One of the dangers is that they limit or substitute real world relationships for which they are maintained through the networks. This scenario would imply isolation and the absence of real physical contact with other individuals, and would create social, affective, and emotional problems. Socialization would be reduced or canceled and the attachment bond that influences the way we relate to others would be affected.

With the use of social networks we lose part of our Privacy, we are more exposed. When opening an account on a network and starting to interact, we must be aware of the information we share. We have the possibility to activate security and privacy filters for each network, but the most important thing to safeguard privacy is to manage them with caution.

Likewise, we must be cautious when interacting, since we can be victims of deception by anonymous people or with false identities. There are also people who are dedicated to creating conflicts and controversies that could create disturbances in our virtual communities and in ourselves as individuals.

Another of the dangers of social networks is that could become an addiction. Long hours consulting or interacting on social networks rob us of sleep time and concentration and productivity at work.

Living glued to the computer or mobile device to constantly know what the networks are saying, verify and respond to notifications, involves a double risk. On the one hand, we lose track of time, of the hours we spend on the networks. On the other hand, we are absent even though we are together with other people in the real world. We dive into the phone and we don’t pay all the attention to what is spoken or is happening around us.

The desire to be visible on the networks could lead us to participate in multiple communities and forums without having enough time to do so. We could fall into Lack of compromise, not persevere, and in feelings of anxiety and fear of failure.

The misuse of social networks could also lead us to pretend that we have a different personality from the offline world. Taking false attitudes and postures is a danger, as well as idealize the life reflected by our contacts in the networks. This situation can arouse envy and generate anxiety, sadness and frustration.

Our work relationships are also at risk of being affected by addictive use of social networks. If we remain connected 24 hours a day, every day, including weekends, sharing work information, we will annoy our colleagues, subordinates or bosses.

Youth and social media

Increased use of social media can make people children and young people put aside activities in the real world. Games and outings with friends could be diminished. Also, their participation in training, cultural and sports activities.

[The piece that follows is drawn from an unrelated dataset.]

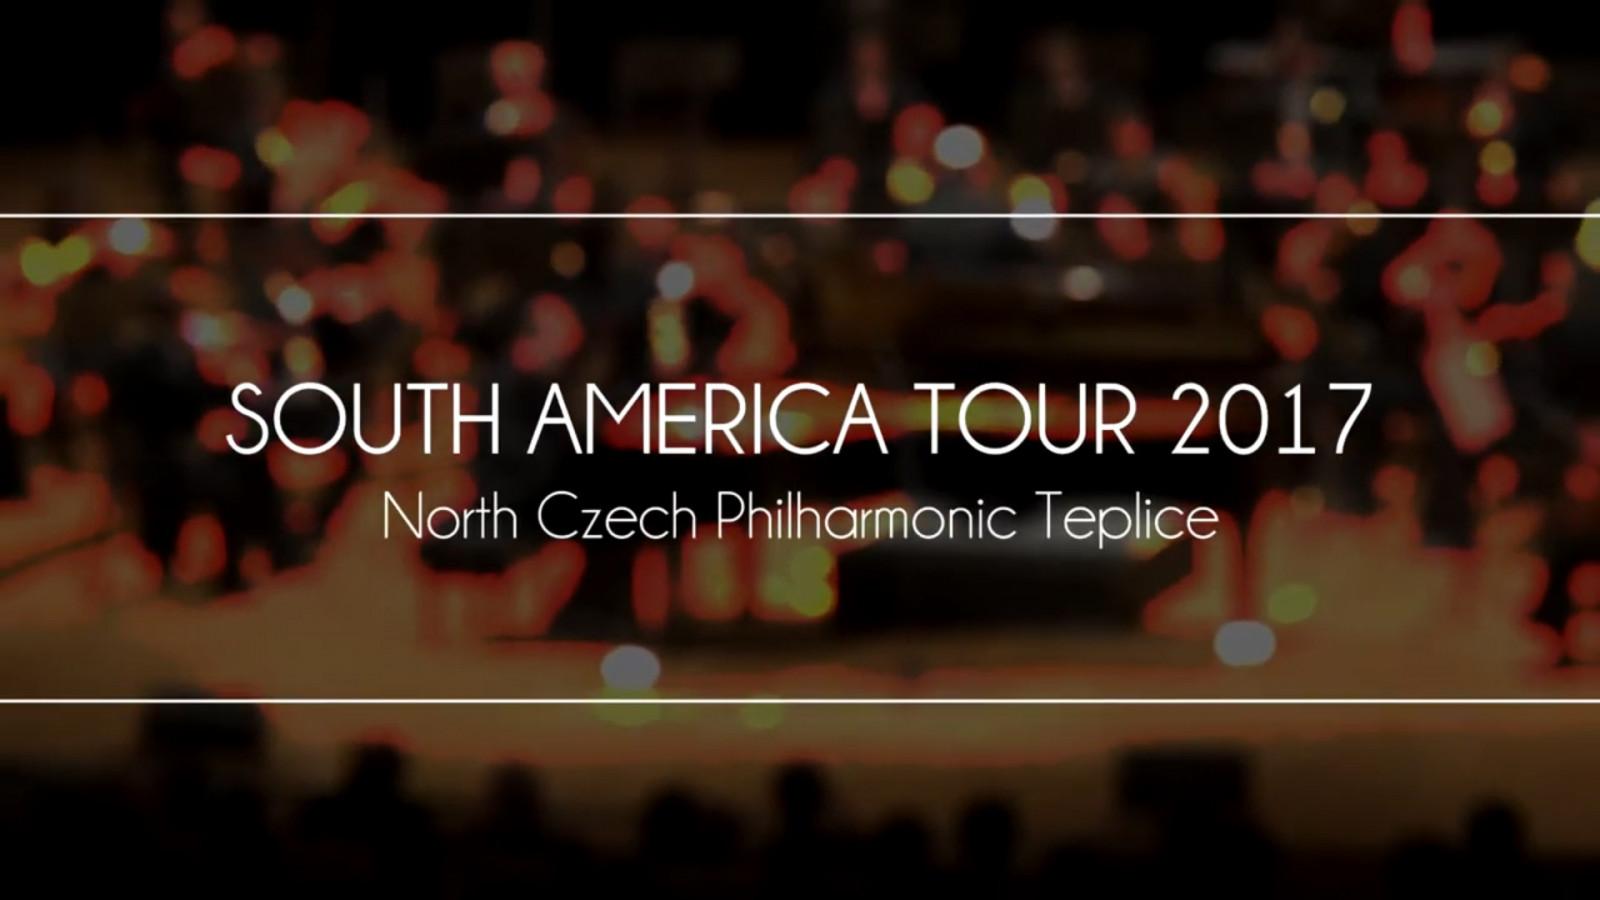 South America tour 2017

The compulsive use of the networks can imply, especially for children and adolescents, the fear of being marginalized and excluded. Syndrome FOMO (fear of missing out), fear of missing something, produces overwhelm and anxiety. Born of the desire to share everything, participate in all the options offered by the networks, and feel accepted in the virtual world.

Young people as part of their development seek recognition and acceptance. In virtual reality, searching for them by likes and number of followers could generate addiction to social networks.

If they are already dependent on the digital world, young people run the risk of being less tolerant of frustrations
already easily bored. Similarly, they may experience more difficulty coping with and responding to conflict situations in real life.